‘In Haiti? How is this?’
‘I don’t know much, except what I get from the news sources. Reuters says a local rising. Associated News has a bit that’s just come in … I was thinking of that manuscript The Sabbath Notebooks.’
‘I have it still. If he is famous by his death, I find it. How has he died…?‘
‘I can’t hear you, it’s a rotten line …
‘I say I can’t hear, Rudi…’
‘How has he died … By what means?’
‘It will be worth a lot of money, Rudi.’
‘I find it. This line is bad by the way, can you hear me? How has he died…?’
‘…a hut…’
‘I can’t hear …‘
‘… in a valley …’
‘Speak loud.’
‘… in a dump of palms … deserted … it was market day, everyone had gone to market.’
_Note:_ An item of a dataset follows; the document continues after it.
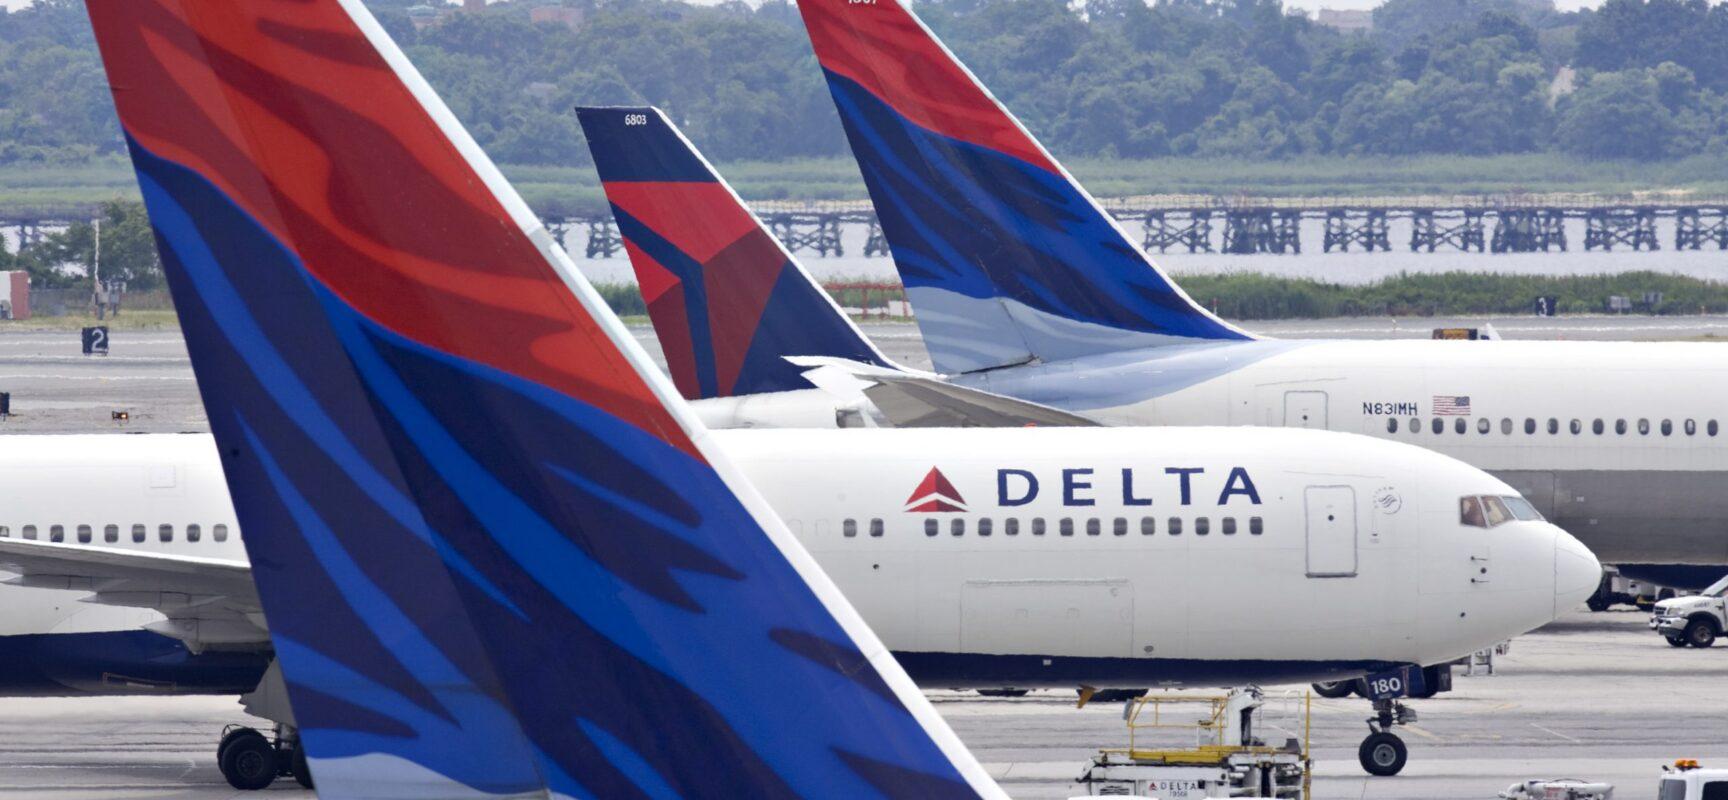 Delta espera contratar 1,5 mil comissários de bordo para 2021/2022

‘I find it. There is maybe a market for this Sabbath book. They make a cult of him, by the way?’
‘He was trying to interfere with their superstitions, they said. They’re getting rid of a lot of Catholic priests.’
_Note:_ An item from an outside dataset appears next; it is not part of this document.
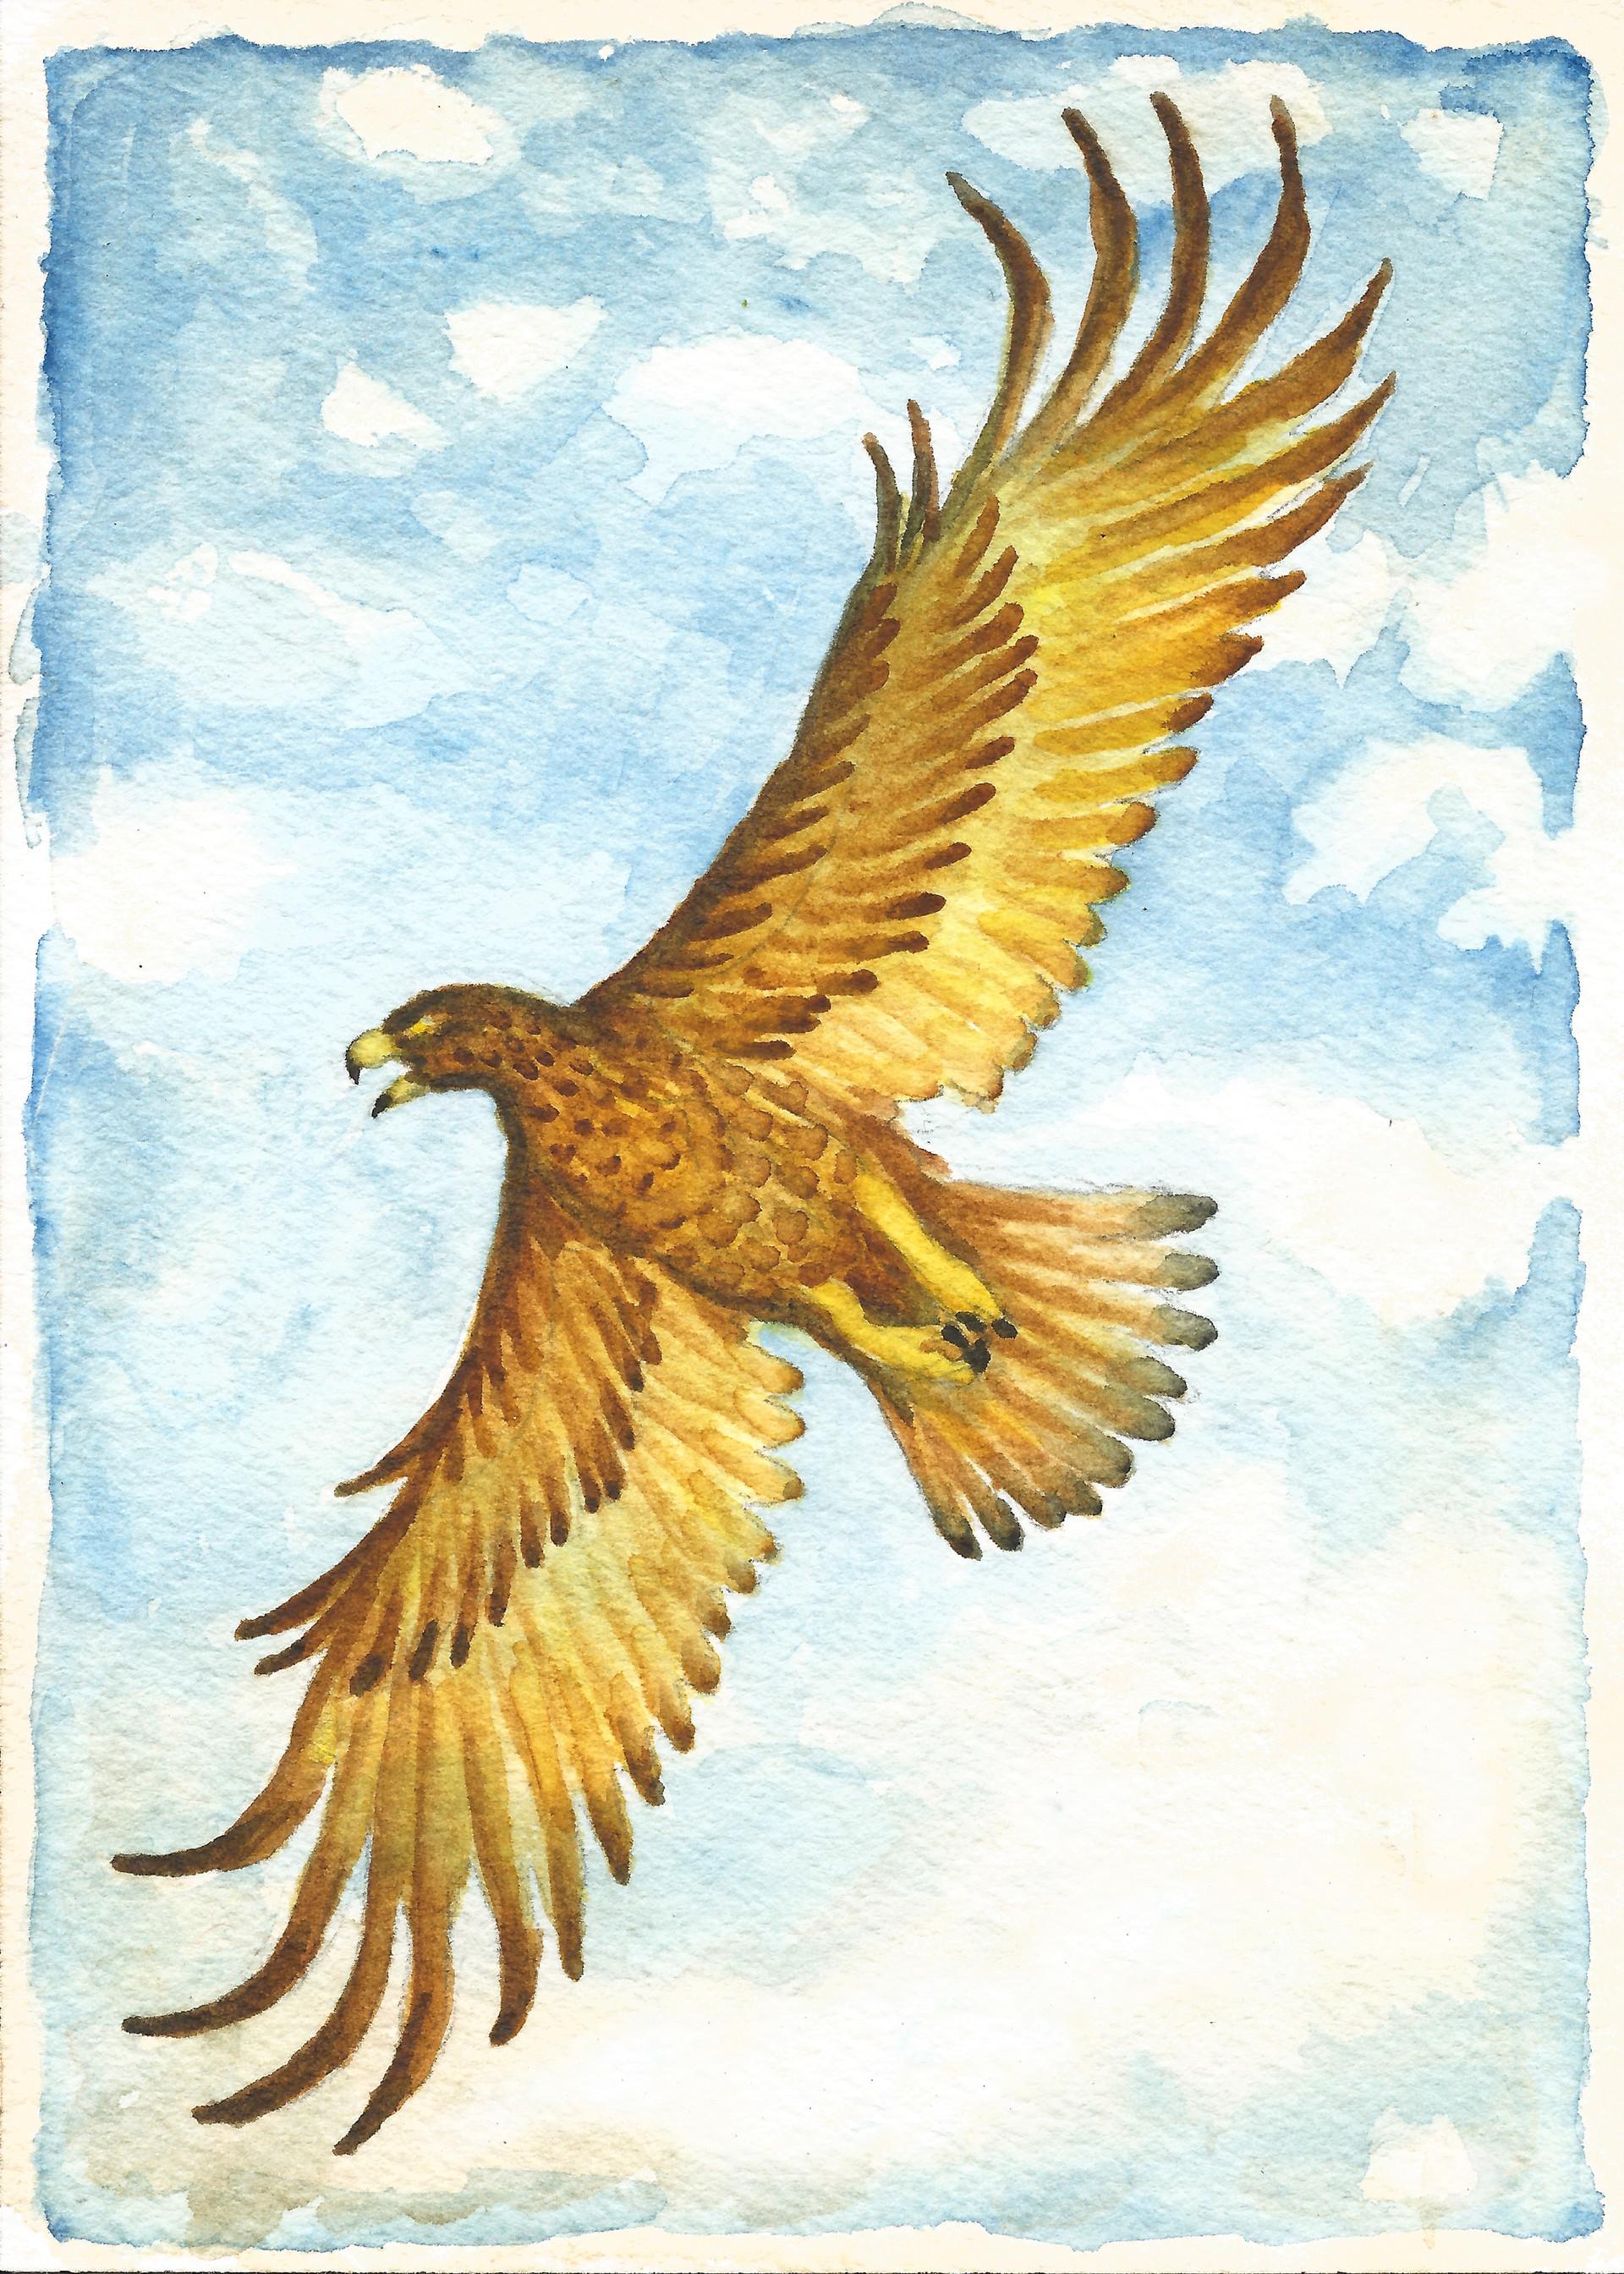 Patrick weck lotr 2 eagle print 2

‘I can’t hear a word. I ring you tonight, Jane. We meet later.’
5
Selina came into the drawing-room wearing a high hoop-brimmed blue hat and shoes with high block wedges; these fashions from France, it was said, were symbols of the Resistance. It was late on Sunday morning. She had been for a seemly walk along the pathways of Kensington Gardens with Greggie.
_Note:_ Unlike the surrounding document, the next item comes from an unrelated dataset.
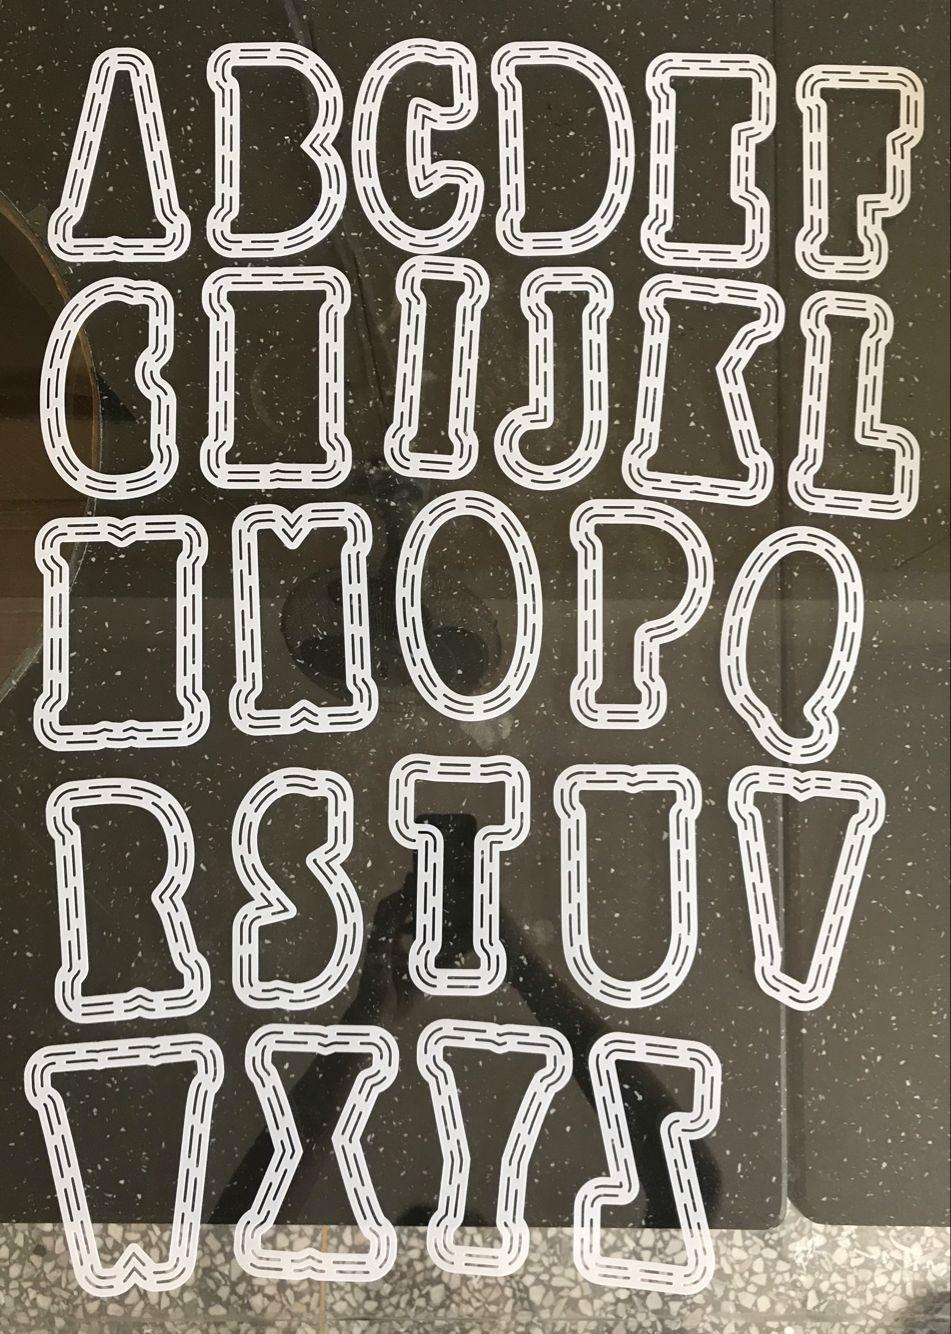 Large A-Z Alphabets 10cm Big Metal Cutting Dies&13cm Plastic Stencil for DIY Scrapbooking Crafts Paper Card Mkaing New 2019 Dies

Selina took off her hat and laid it on the sofa beside her. She said, ‘I’ve got a guest for lunch, Felix.’ Felix was Colonel G. Felix Dobell who was head of a branch of the American Intelligence Service which occupied the top floor of the hotel next door to the club. He had been among a number of men invited to one of the club’s dances, and there had selected Selina for himself.
Jane said, ‘I’m having Nicholas Farringdon for lunch.’
‘But he was here during the week.’
‘Well, he’s coming again. I went to a party with him.’
‘Good,’ said Selina. ‘I like him.’
Jane said, ‘Nicholas works with the American Intelligence. He probably knows your Colonel.’
It was found that the men had not met. They shared a table for four with the two girls, who waited on them, fetching the food from the hatch. Sunday lunch was the best meal of the week. Whenever one of the girls rose to fetch and carry, Felix Dobell half-rose in his chair, then sat down again, for courtesy. Nicholas lolled like an Englishman possessed of droits de seigneur while the two girls served him.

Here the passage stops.